となれば欠かせないのは、高齢者、あるいは身体に障害を持つ人たちのための福祉車両であろう。幸い日本には、小型から大型まで、福祉車両に改装しやすいミニバンが多い。例えばホンダの「フリード」や「ステップワゴン」、トヨタの「シエンタ」や「ノア」など、すでに福祉車両として販売しているモデルは少なくない。福祉車両という呼び名に抵抗感があるとして、トヨタでは「Welfare」(福祉)「Well」(健康)「Welcome」(温かく迎える)と「Cabin」(客室)を合わせた造語として「ウェルキャブ」という名称を採用。日本はそんな“ウェルキャブ先進国”になりつつあるのだ。
細部に行き届いた“気遣い”性能
デビューしたばかりのトヨタの新型ノア、ヴォクシーにも新機能付のウェルキャブが設定されている。

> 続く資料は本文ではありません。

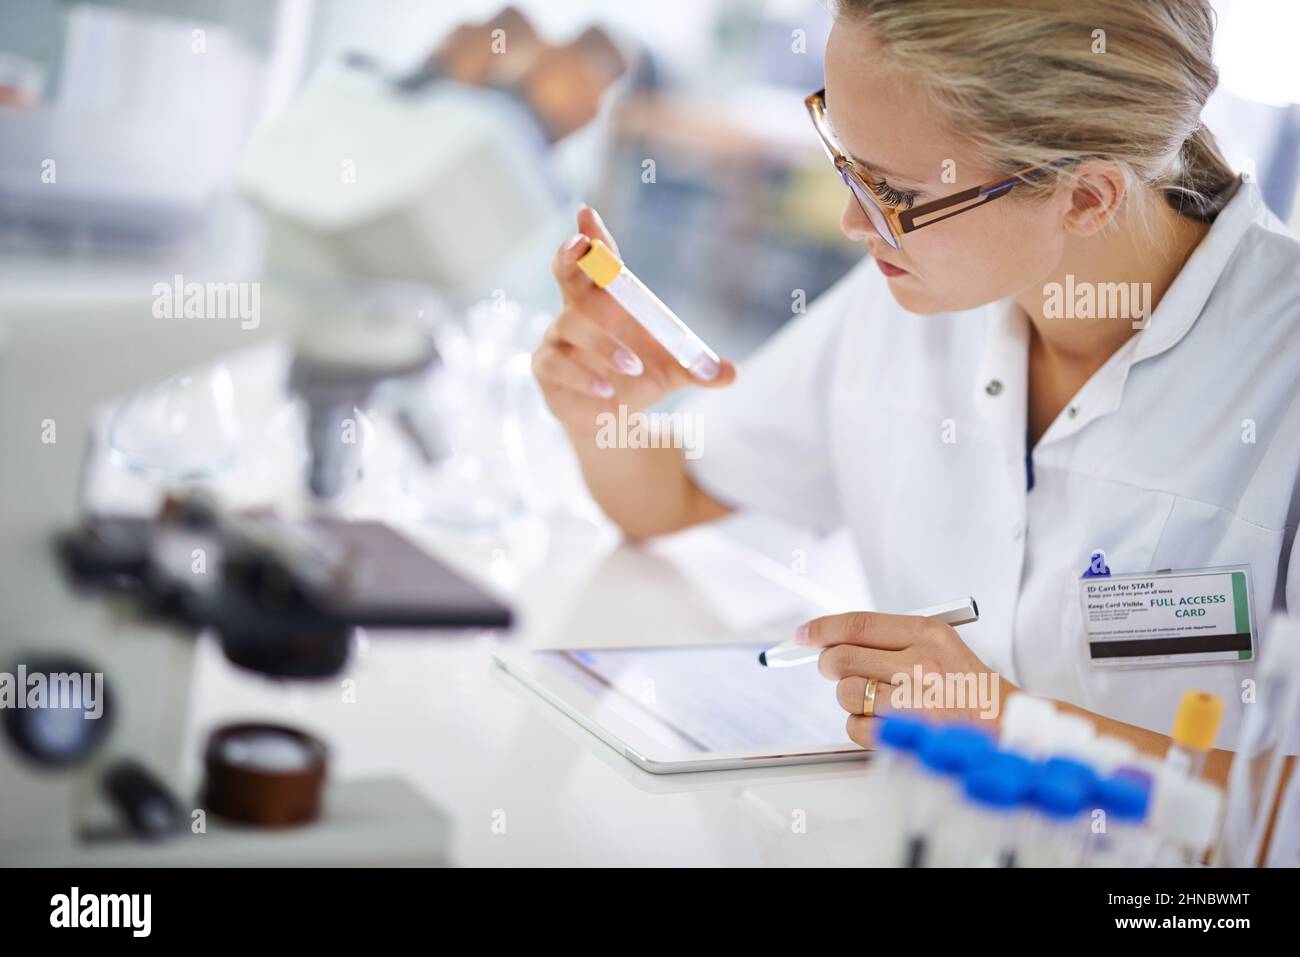 Forschung und Entwicklung. Eine junge Wissenschaftlerin, die ihre Ergebnisse auf einem Tablet aufzeichnete. Stockfoto

自立歩行できる人用に開発された「サイドリフトチルトアップシート」は、2列目左側に組み込むものだ。シート全体が電動で動く。緩やかなリクライニングだけではなく、開けたドアから外に迫り出すタイプである。
新型の特徴は、乗降スペースを従来の110ミリから55ミリに短縮したことだ。張り出しがわずかだから駐車スペースが狭くても使いやすい。しかも、迫り出したのちにやや前傾にチルト(傾く)。シートをそっと傾けることで、すくっと立ちやすい。「よっこいしょ」と力を入れる必要がない。足腰が弱い高齢者には都合が良いのだ。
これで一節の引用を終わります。